Are WebGPU "libraries" at a point where instead of being recommended Python + Py...

paulgb · on May 2, 2023

Yes, it's definitely lagging the CUDA ecosystem. I did a write-up a few weeks back on the various approaches people are taking to do inference in the browser (WASM, WebGL, WebGPU): https://digest.browsertech.com/archive/browsertech-digest-th...

Matt Rickard also had a short write-up recently: https://matt-rickard.com/implementing-llms-in-the-browser

My take is that we probably won't see much training done on WebGPU, because training is done upfront and it makes sense to standardize on a single GPU vendor and use an interface that can squeeze all the juice out of those GPUs (CUDA). But for inference and run-time computations, it could be very interesting to take a model trained with CUDA/PyTorch and export it (maybe with Apache TVM or tensorflow.js) into WebGPU that can run on end-user devices.

MuffinFlavored · on May 2, 2023

> But for inference and run-time computations, it could be very interesting to take a model trained with CUDA/PyTorch and export it (maybe with Apache TVM or tensorflow.js) into WebGPU that can run on end-user devices.

In its current state, can you train on PyTorch, export to ONNX, load ONNX in JavaScript/WASM, then use it for WebGPU inference?

I'm not trying to sound obsessed/married to ONNX, I just though it was "the standard". Curious to learn alternatives/what people are doing now but I fear even talking about what might being done is discussing "bleeding edge".

Edit: A quick Google shows yes https://onnxruntime.ai/docs/tutorials/web/

paulgb · on May 2, 2023

> In its current state, can you train on PyTorch, export to ONNX, load ONNX in JavaScript/WASM, then use it for WebGPU inference?

I believe so.
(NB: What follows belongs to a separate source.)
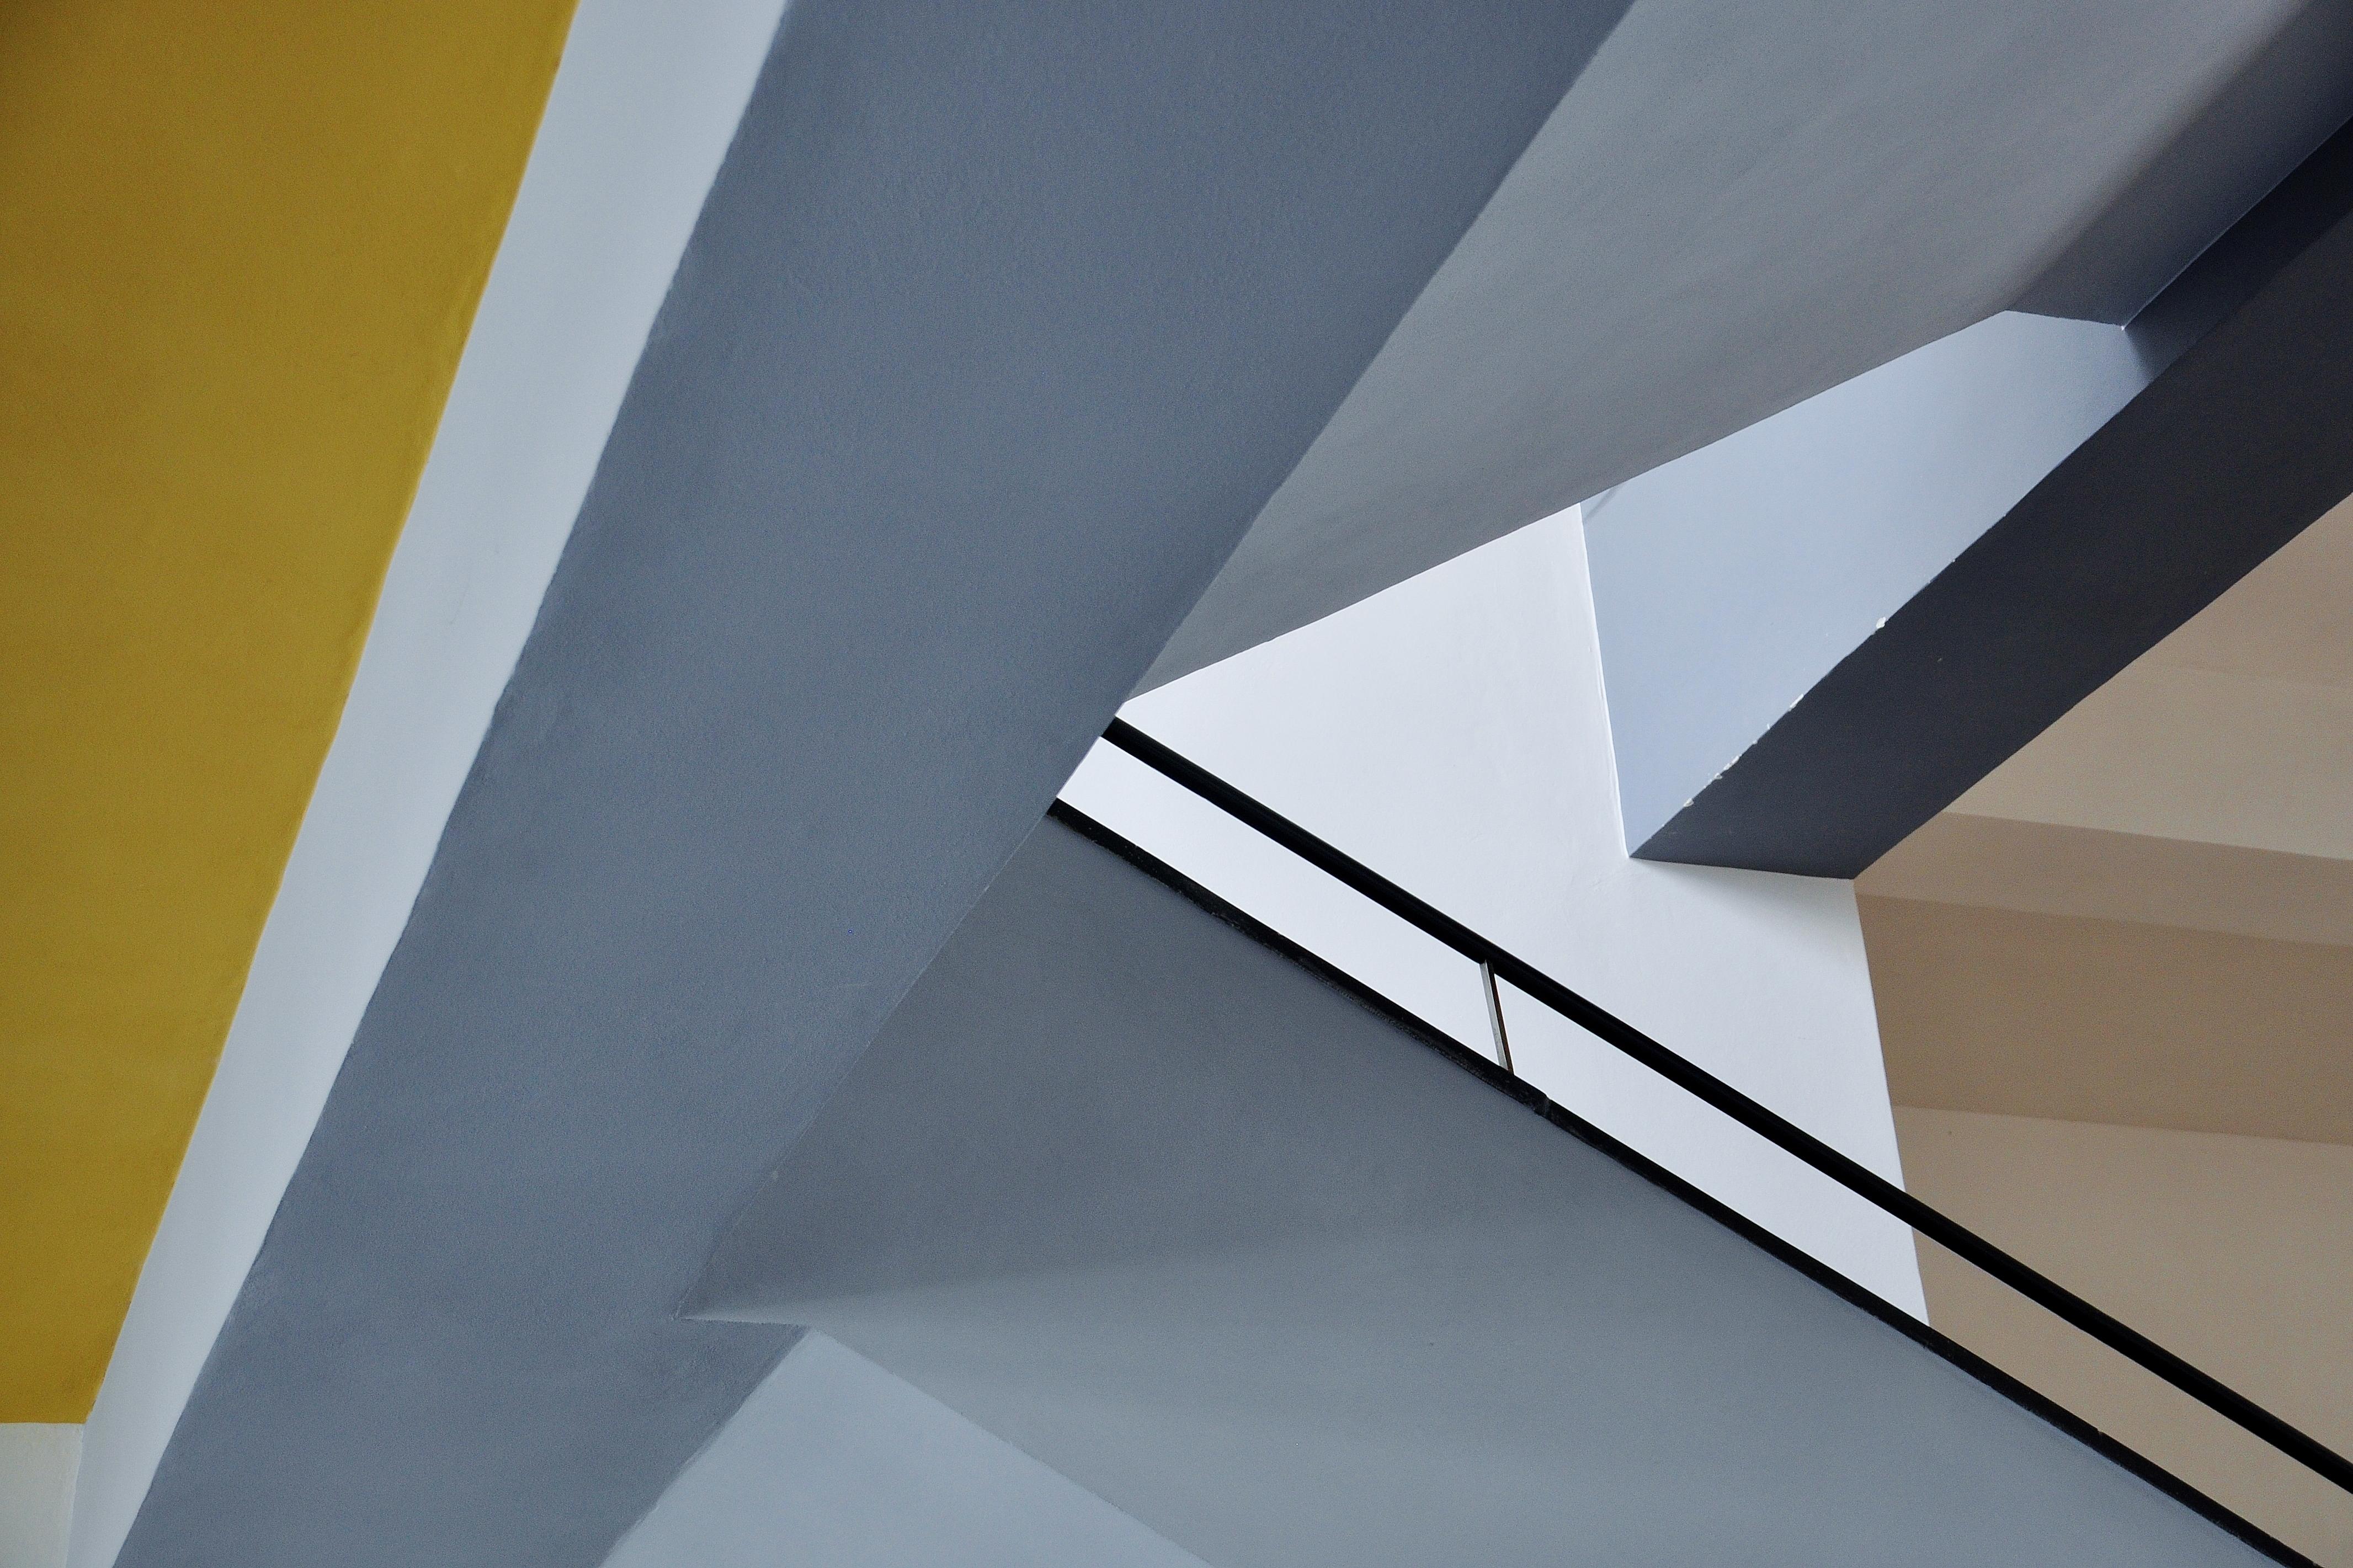 Bauhaus 10 by GMAdesigns

Onnxruntime very recently merged a WebGPU backend: https://news.ycombinator.com/item?id=35694553

You can also go directly from PyTorch to WebGPU with Apache TVM. (ONNX is also supported, but my understanding is that it's better to go direct). This is an example using an LLM trained with PyTorch (I think) and run in the browser: https://mlc.ai/web-llm/

MuffinFlavored · on May 3, 2023

I can't seem to figure if the PR for the WebGPU backend for onnxruntime is supposed to land in a 1.14 release, a 1.15 release, has already landed, isn't yet scheduled to land, etc? https://github.com/microsoft/onnxruntime/pull/14579

https://github.com/microsoft/onnxruntime/releases I don't see it in any releases yet?

https://github.com/microsoft/onnxruntime/milestone/4 I don't see it in the upcoming milestone.

I don't see any examples or docs that go with it

https://github.com/microsoft/onnxruntime/wiki/Upcoming-Relea... This seems to be out of date

https://github.com/microsoft/onnxruntime/tree/rel-1.15.0 I do see the js/webgpu work merged into here so I guess it'll be released in 1.15.0

https://onnxruntime.ai/docs/reference/releases-servicing.htm...

> Official releases of ONNX Runtime are managed by the core ONNX Runtime team. A new release is published approximately every quarter, and the upcoming roadmap can be found here.

ONNX Runtime v1.14.0 was Feb 10th

bufo · on May 2, 2023

It can be converted, and can be fairly fast, see Tensorflow.js or https://jott.live/markdown/m1_webgpu_perf. However the any “web” standard will always be a subset of what the hardware can truly provide because it has to support ALL GPU vendors. For example leveraging Nvidia Tensor Cores or Apple’s neural accelerator is not possible. For ML training and inference this means that any webGPU implementation is at least ~3x slower (likely much more) vs an optimized CUDA implementation.

MuffinFlavored · on May 2, 2023

> Web Shading Language (WSL)

The WSL in the article was throwing me off.

vhcr · on May 2, 2023

That's not necessarily true, WebGL for example supports extensions.

bufo · on May 3, 2023

Correct, but I don’t see Firefox or Chrome bothering to add tensor core support.